Все это, наверно, возможно, когда ты хоть чуть-чуть уверен в необходимости своего присутствия в ее жизни. Но когда уверенности нет, ты просто вынужден уйти, потому что ты для нее всего лишь незначительный эпизод.
Шли годы, уже не помню сколько, но я все чаще думал о Крис. Возможно, потому, что часто ездил в США, так как работал с Робертом Альтманом над оперой «Мак Тиг». Он должен был ставить ее в Lyric Opera of Chicago, а я работал над декорациями и костюмами к ней.
Однажды за ужином я поведал Бобу историю ностальгирующего художника. Он слушал с удивлением и доброй улыбкой, а потом с какой-то легкой грустью произнес:
– Если я тебя правильно понимаю, ты хотел бы ее найти?
– Может быть, – ответил я неуверенно, хотя на самом деле я хотел этого.

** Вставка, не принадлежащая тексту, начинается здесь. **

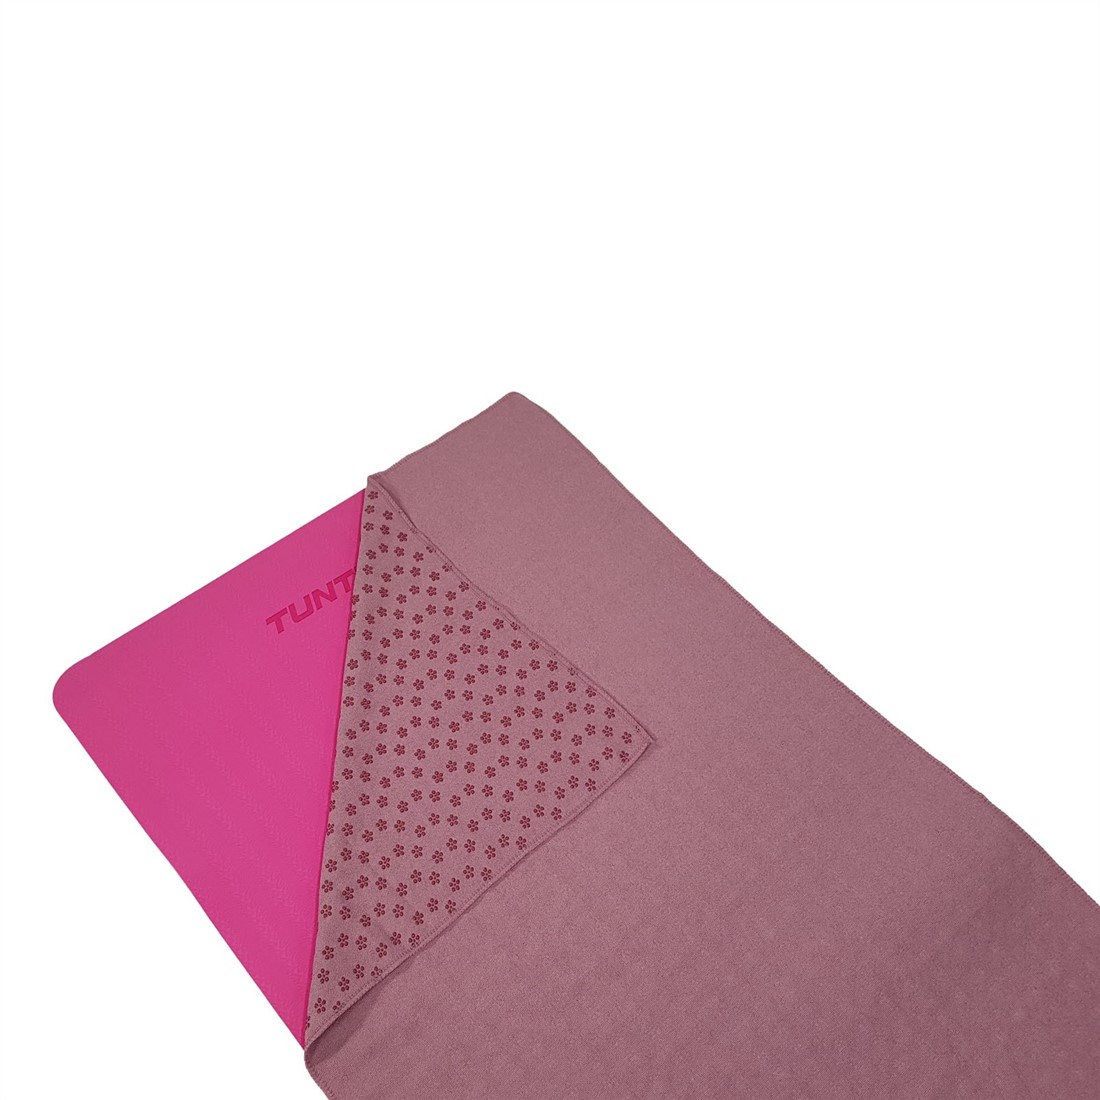 Vertellen Academie Verbeteren Tunturi Siliconen Yoga Handdoek - 183 x 67 cm - Roze | Fitwinkel.nl

Боб иронизировал по поводу моей ностальгии, но неожиданно предложил мне простой вариант:
– Я познакомлю тебя с одним детективом, правда, теперь он на пенсии, но когда-то оказывал мне услуги – в эпоху, когда я частенько выступал в суде. Кстати, он прямой родственник Джейн Кегней, если тебе что-то говорит это имя. За небольшую сумму, я думаю, он поможет тебе. Если хочешь, я поищу его телефон.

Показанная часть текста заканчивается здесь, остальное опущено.